PNX Metals Limited (ASX:PNX): Time For A Financial Health Check

While small-cap stocks, such as PNX Metals Limited (ASX:PNX) with its market cap of A$11.08M, are popular for their explosive growth, investors should also be aware of their balance sheet to judge whether the company can survive a downturn. Given that PNX is not presently profitable, it’s crucial to assess the current state of its operations and pathway to profitability. Here are few basic financial health checks you should consider before taking the plunge. However, this commentary is still very high-level, so I’d encourage you to dig deeper yourself into PNX here.

Does PNX generate an acceptable amount of cash through operations?

Over the past year, PNX has maintained its debt levels at around A$1.2M – this includes both the current and long-term debt. At this constant level of debt, PNX currently has A$1.7M remaining in cash and short-term investments , ready to deploy into the business. However, its small level of operating cash flow means calculating cash-to-debt wouldn’t be too useful, though these low levels of cash means that operational efficiency is worth a look. As the purpose of this article is a high-level overview, I won’t be looking at this today, but you can examine some of PNX’s operating efficiency ratios such as ROA here.

Does PNX’s liquid assets cover its short-term commitments?

Looking at PNX’s most recent A$0.6M liabilities, it seems that the business has been able to meet these obligations given the level of current assets of A$2.1M, with a current ratio of 3.22x.

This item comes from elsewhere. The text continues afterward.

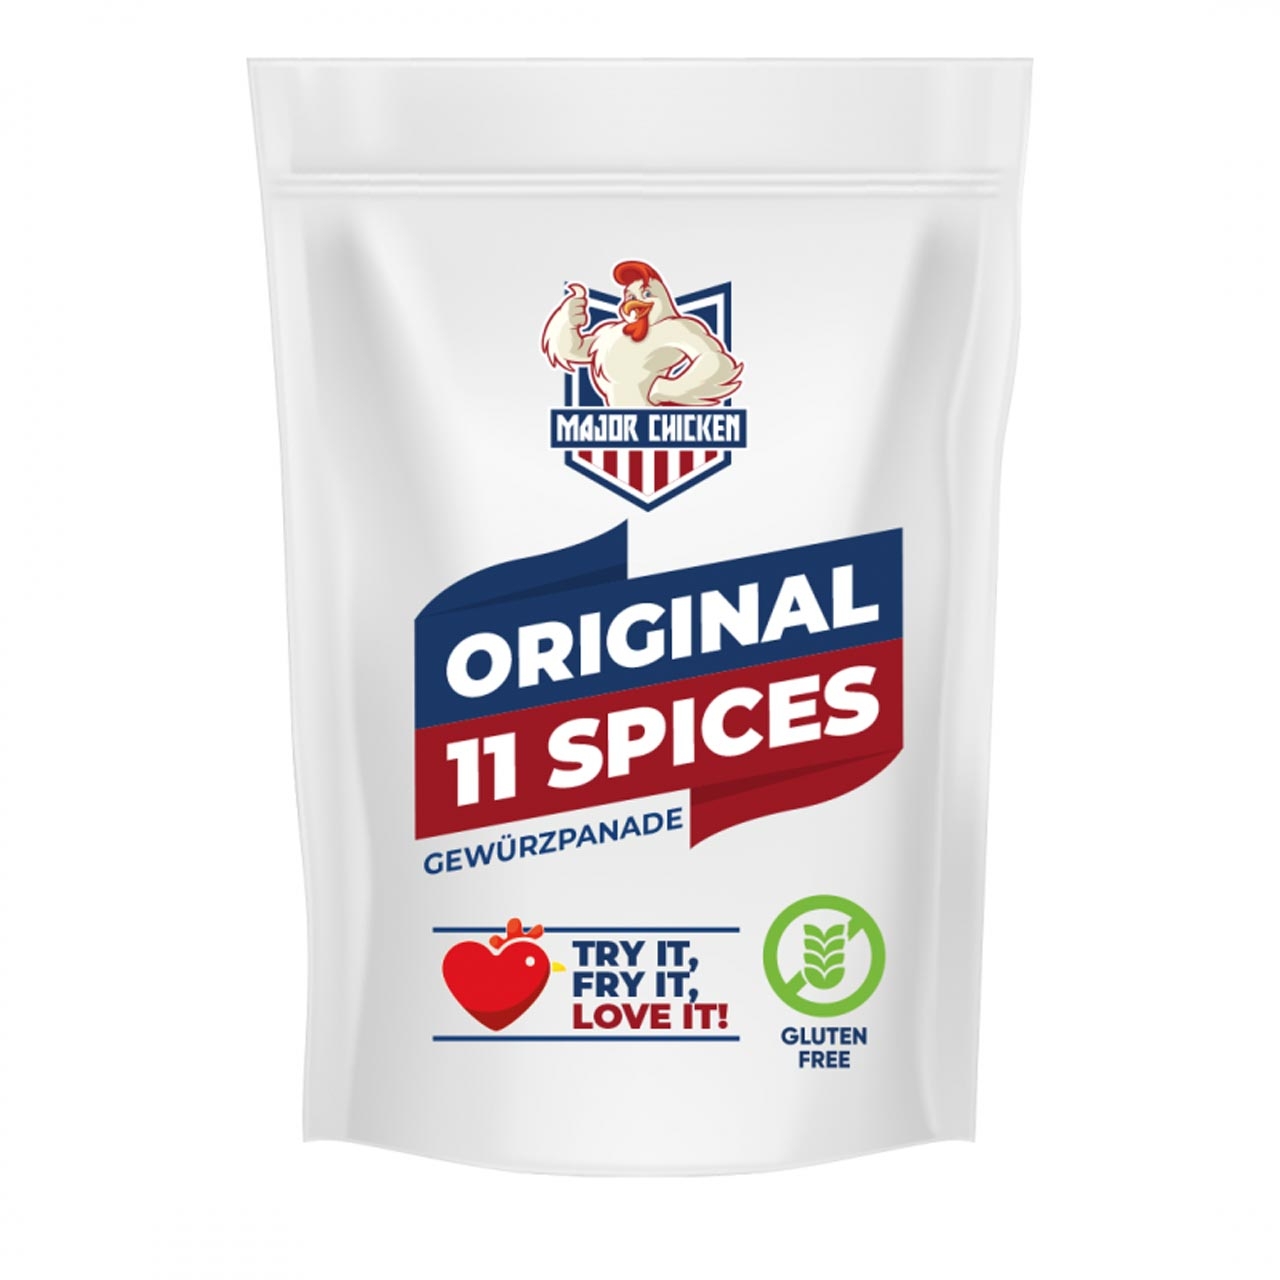 Royal Spice Major-Chicken "Original 11 Spices", 500 g500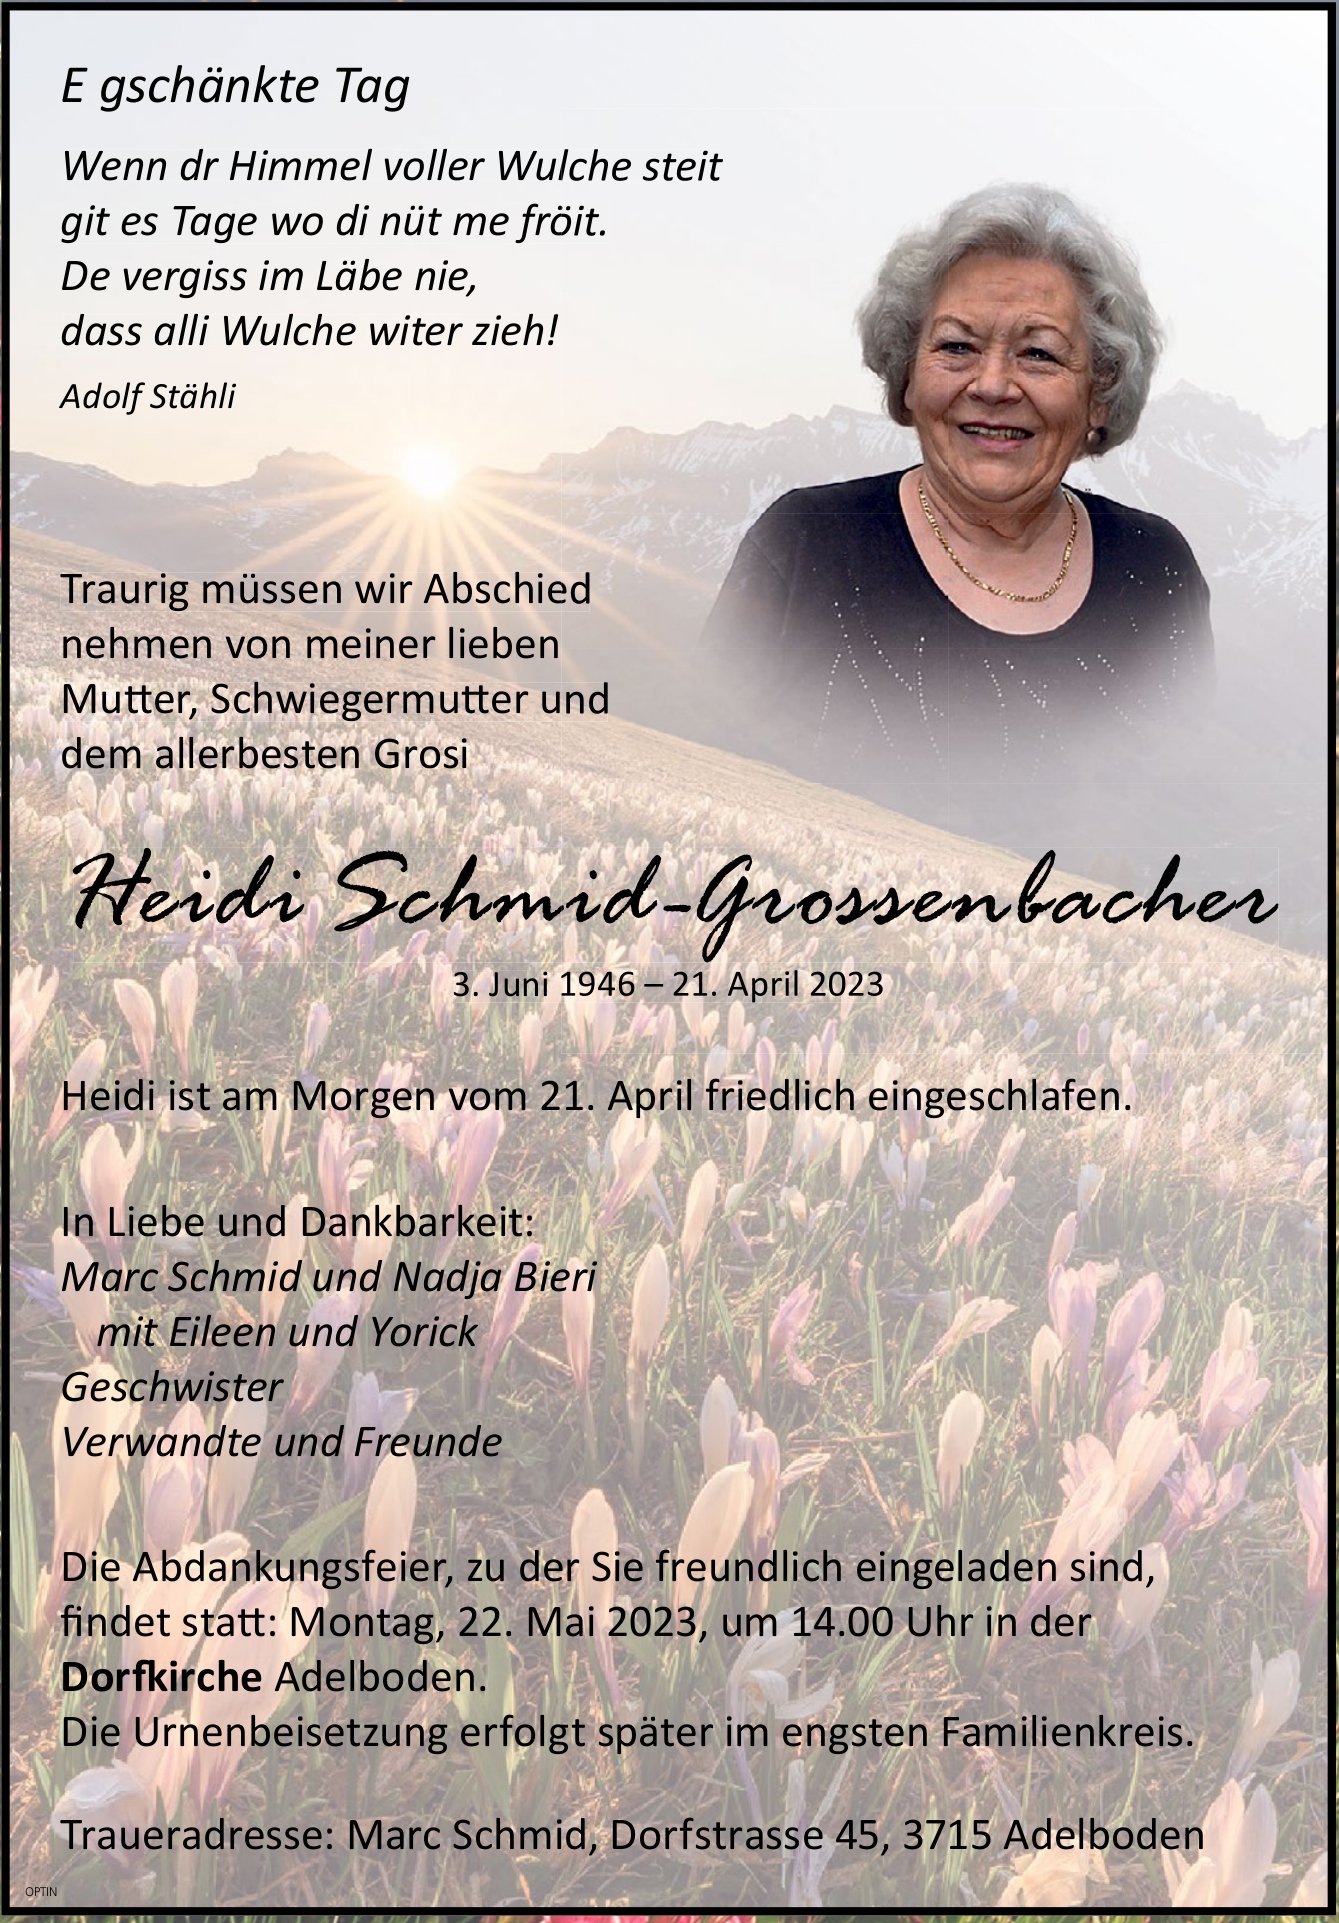 Heidi Schmid-Grossenbacher, April 2023 / TA

Though, a ratio greater than 3x may be considered as too high, as PNX could be holding too much capital in a low-return investment environment.

ASX:PNX Historical Debt Dec 20th 17
ASX:PNX Historical Debt Dec 20th 17

Is PNX’s level of debt at an acceptable level?

PNX’s level of debt is appropriate relative to its total equity, at 21.62%. This range is considered safe as PNX is not taking on too much debt obligation, which may be constraining for future growth. Investors’ risk associated with debt is very low with PNX, and the company has plenty of headroom and ability to raise debt should it need to in the future.

Next Steps:

Are you a shareholder? PNX’s low debt is also met with low coverage. This indicates room for improvement as its cash flow covers less than a quarter of its borrowings, which means its operating efficiency could be better. Though, the company will be able to pay all of its upcoming liabilities from its current short-term assets. Given that PNX’s financial situation may change. You should always be keeping abreast of market expectations for PNX’s future growth on our free analysis platform.